Morán Lemir et al. (1990), found 4 instars for Rhyssomatus tomentosus Fiedler, when the insect was reared on fruit of Ipomoea purpurea (L.) Roth (Convolvulaceae) and on artificial diet. O'Donnell (1967), Pantoja et al. (1999); Bailez et al. (2003) and Panzavolta (2007) identified 4 instars for the following species of Curculionoidea: Sitophilus oryzae (L.), Lissorhoptrus kuscheli O'Brien, Conotrachelus psidii Marshall and Pissodes castaneus De Geer.
For R. subtilis, Dyar's rule indicated a perfect geometrical progression of head capsule size with each successive instar.
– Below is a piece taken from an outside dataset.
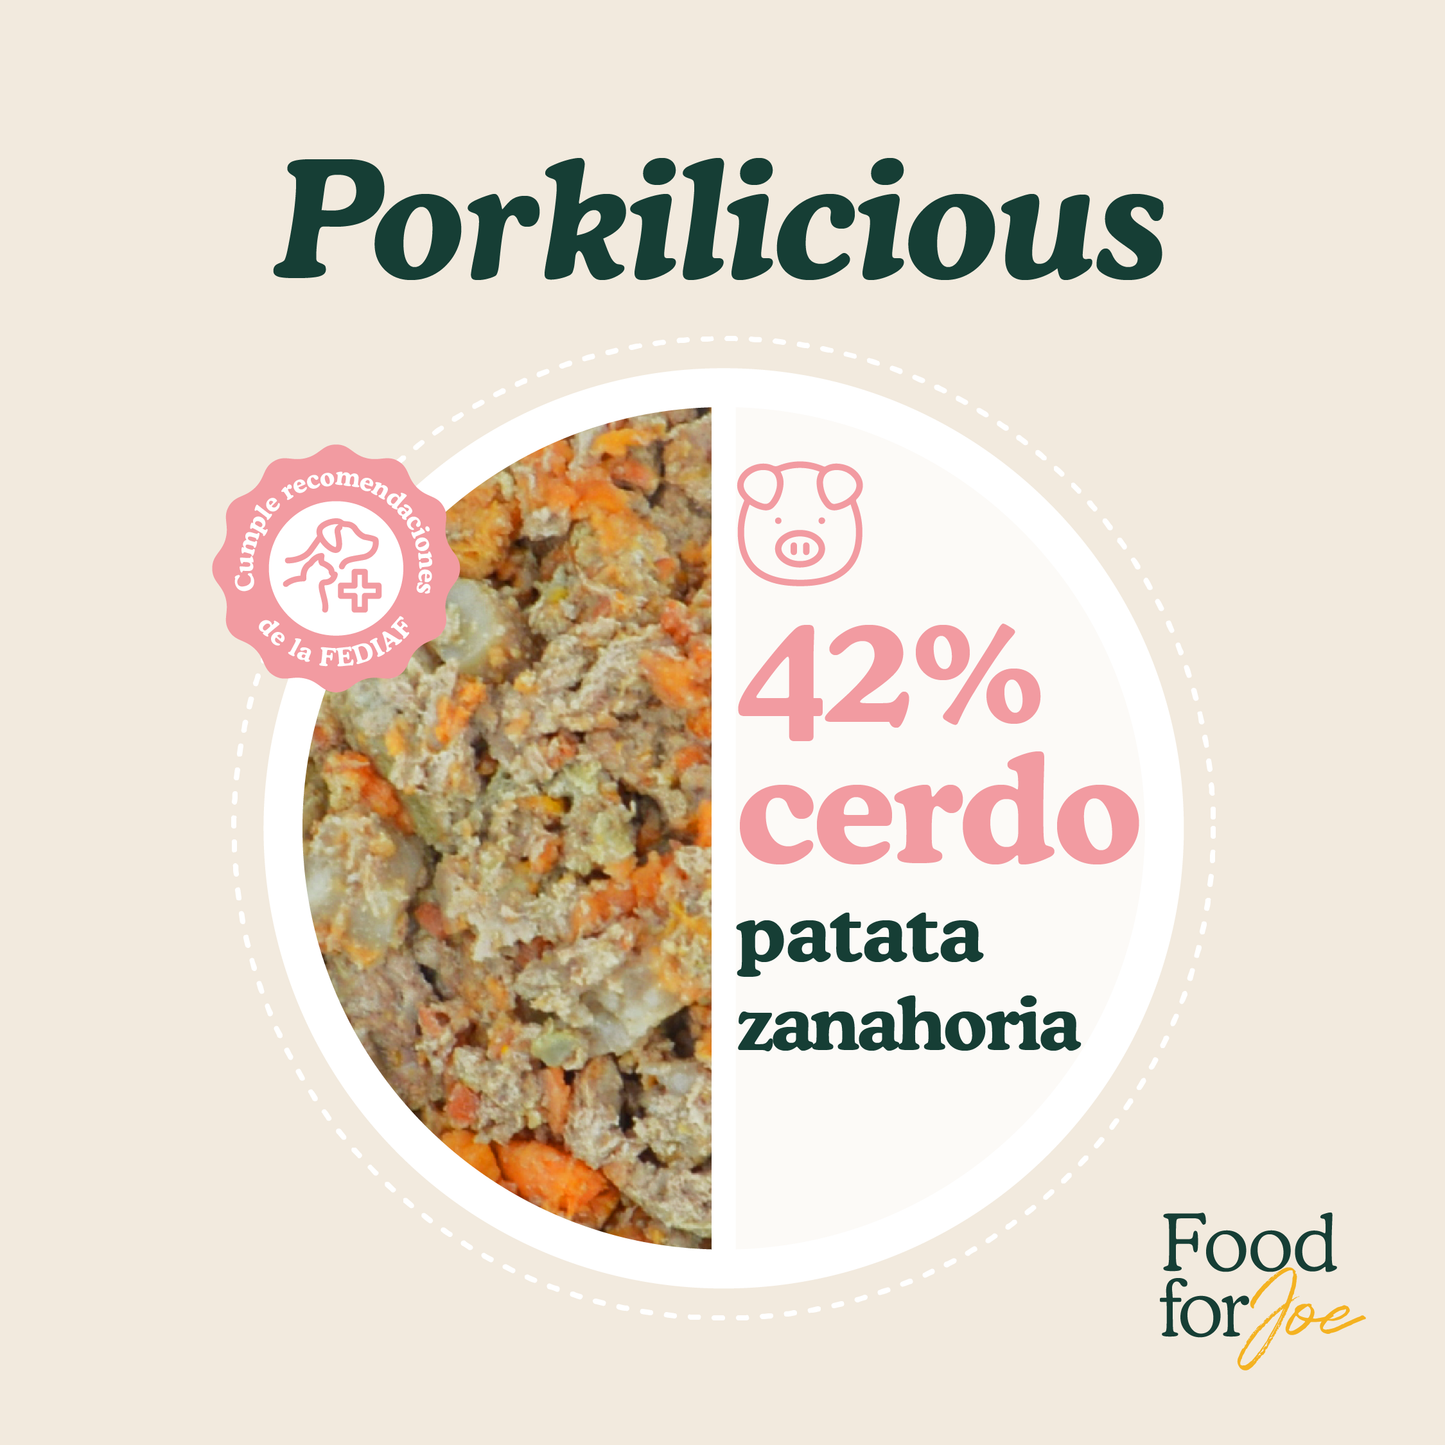 Porkilicious - menú de cerdo para perros 300g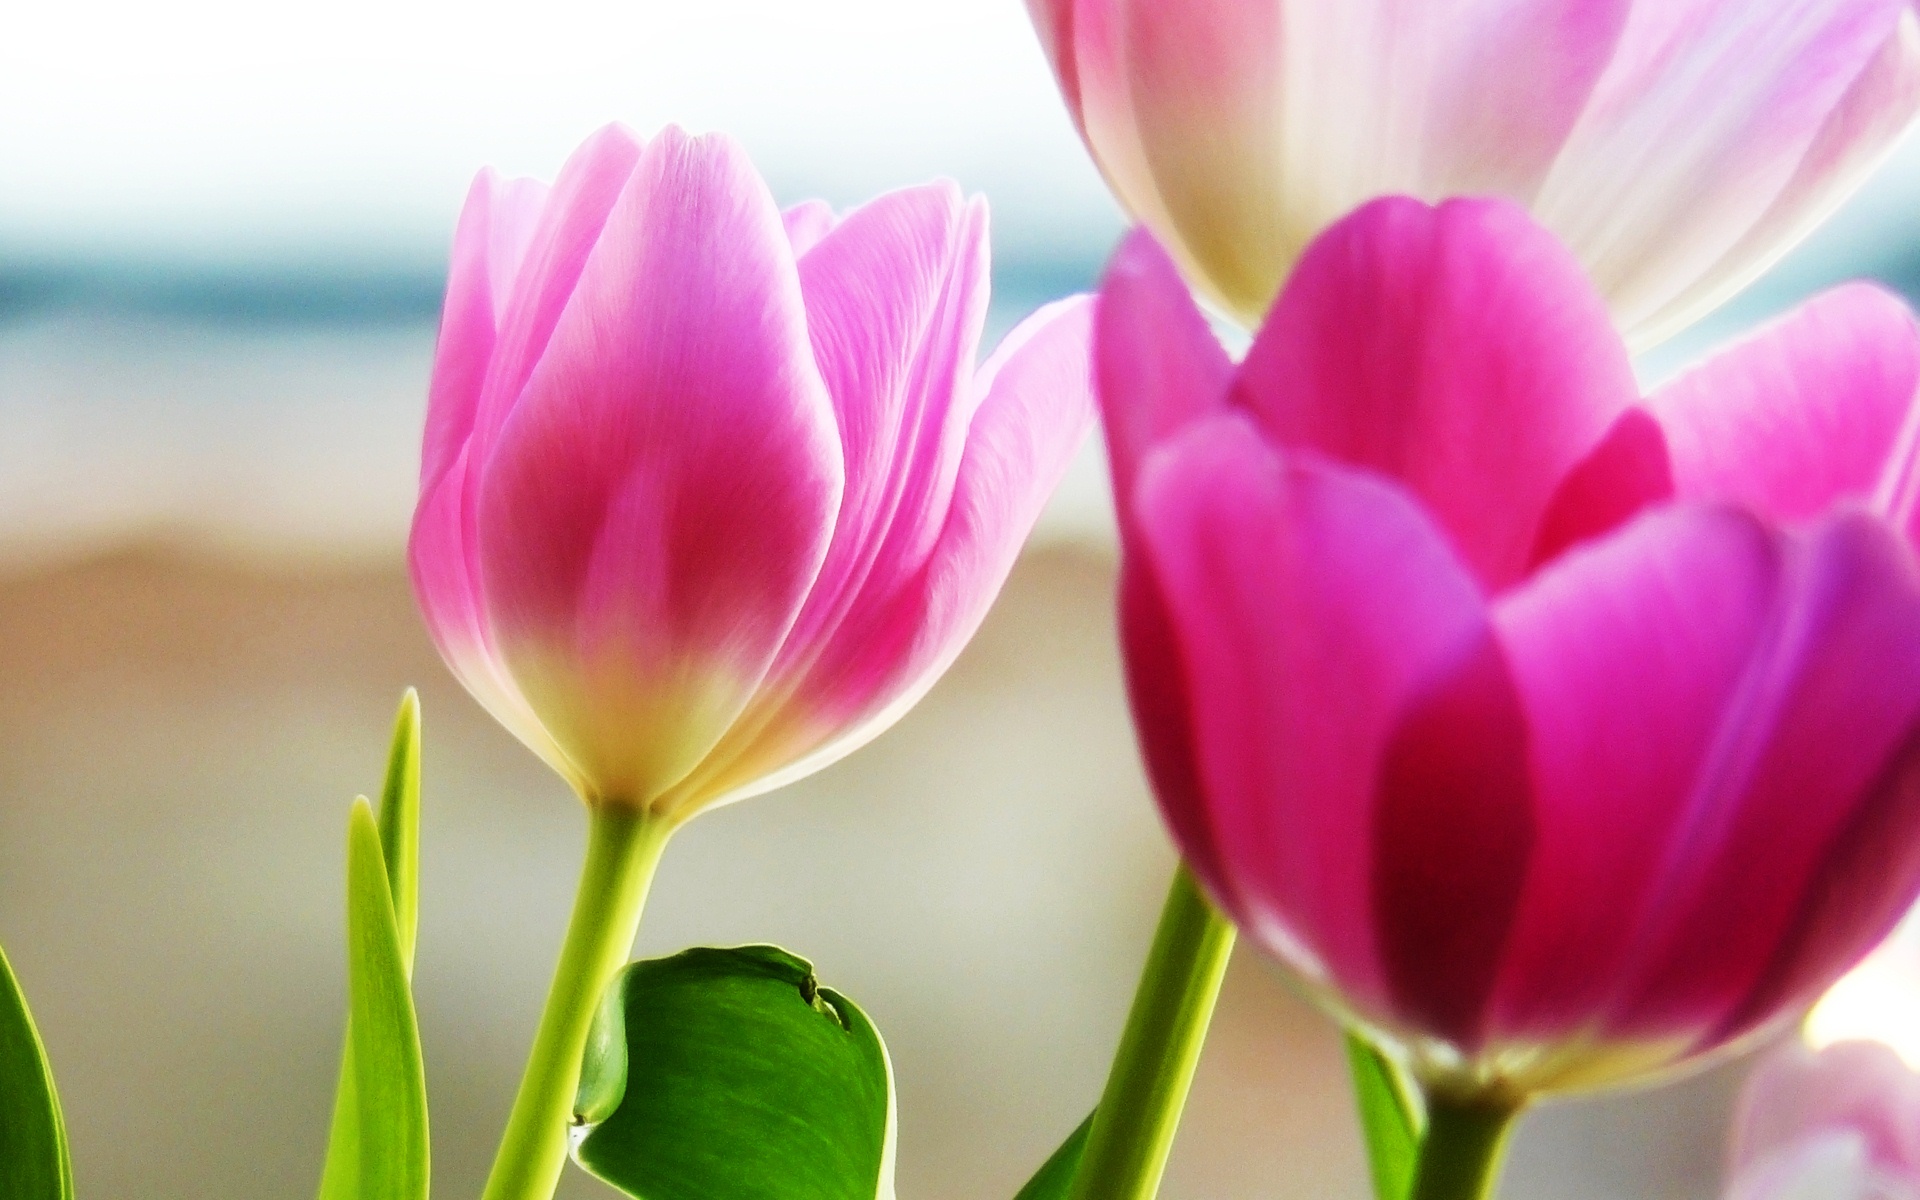 tulips_spring_2-wide.jpg

This observation agrees with previous studies for species of other weevil genera, e.g., Sternechus subsignatus Boheman (Hoffman-Campo et al. 1991), Dendroctonus ponderosae Hopkins (Logan et al. 1998), C. psidii (Bailez et al. 2003), and P. castaneus (Panzavolta 2007).
Head capsule means, ranges, and misclassification probabilities of the four instars of Rhyssomatus subtilis calculated by the Hcap program and Dyar's ratio.
Head capsule width analyzed through Dyar's rule and the Hcap program reliably indicated the number of instars in field populations of the black soybean weevil in soybean. Results obtained in this work are important in building life tables and for use in other ecological studies to understand the behavior of this important pest, and to develop management programs in soybean crops in this region.
We thank J. A. Logan for making the HCAP program available, J. R. P. Parra and M. L. Haddad (Escuela Superior de Agricultura “Luiz de Queiroz”, Piracicaba, Brasil) and Lic. Eduardo Willink (EEAOC) for constructive comments on an earlier draft of the manuscript. We also thank A. Casmuz and F. Scalora (EEAOC), M. Aralde, M. Aybar and M. Gómez, students of Facultad de Agronomía y Zootecnia (Universidad Nacional de Tucumán) for excellent technical support and assistance in the collection of material and work in the laboratory. This study was supported by Estación Experimental Agroindustrial Obispo Colombres (EEAOC) and CONICET, and it is part of the first author's doctoral thesis.